The calmness in his voice sharply contrasts the anger in mine. "They ain't so bad," he says. "And I ain't too sure what you're talkin' about. I'm just as much a greaser as any of 'em."

"That's not what I meant." The words are floating out of me, gently, but almost against my will, like a plastic bag that floats through the littered streets. "I can't stand seeing so much wasted potential. It kills me. It just fucking kills me."

"Wasted potential?" And for the first time, he almost looks hurt. And his unnaturally bright eyes finally seem to study my face.

"One of us, one of us, was supposed to get out of here. And do something. Go to college somewhere fancy, I don't know. And I'm not currently doin' that. I just thought that...maybe—maybe you could have..." I look away and feel myself getting strangely worked up. I break off before my voice cracks.

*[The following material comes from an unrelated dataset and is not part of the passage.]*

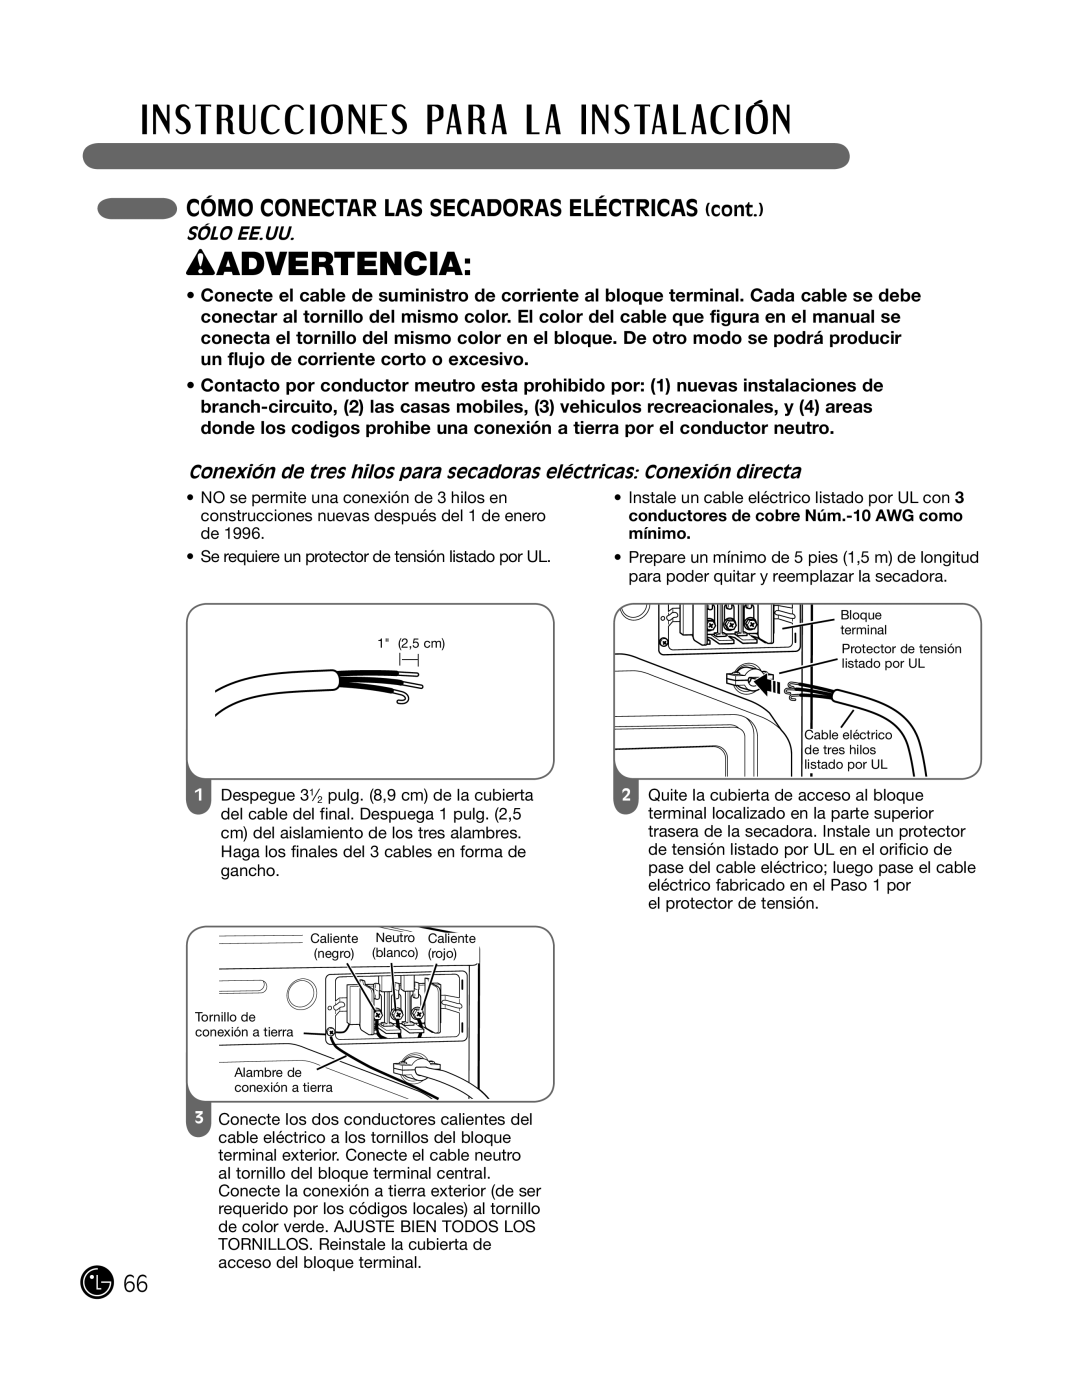 LG Electronics P154 manual conexión de tres hilos para secadoras eléctricas conexión directa, wADVERTENCIA, SÓlo ee.uu

"...been different?" He pauses and then: "From you?" It hurts to him hear say that. But it's true. I always found small bits of hope in the fact that Pony would be able to get away from the tragedy that seems to follow him around everywhere he goes. I always thought that if I couldn't have the life I wanted, the life I needed, then he would. Lord knows he deserves it quite more than I do.

I can't say anything as I start to sway a little. I take out my flask again and take a swig before my brain can let me know it's a bad idea.

Despite the fact that he's obviously got his own little nasty habit, he scrutinizes me. "I guess we both got our vices," he says, and I wonder how he can be so goddamn knowing without even trying to be. "And while I appreciate the concern, Randy, I'm all set. I'm okay."

"No. You're not. You're not okay."

"I ain't?"

"You got that haunted look in your eye. It's like the first time we ever talked. I used to see you in the hallways, Ponyboy. You don't always look like that."

"Tranquilizer," he mutters.

Even though I hear him, in my drunken stupor I have to ask him to clarify.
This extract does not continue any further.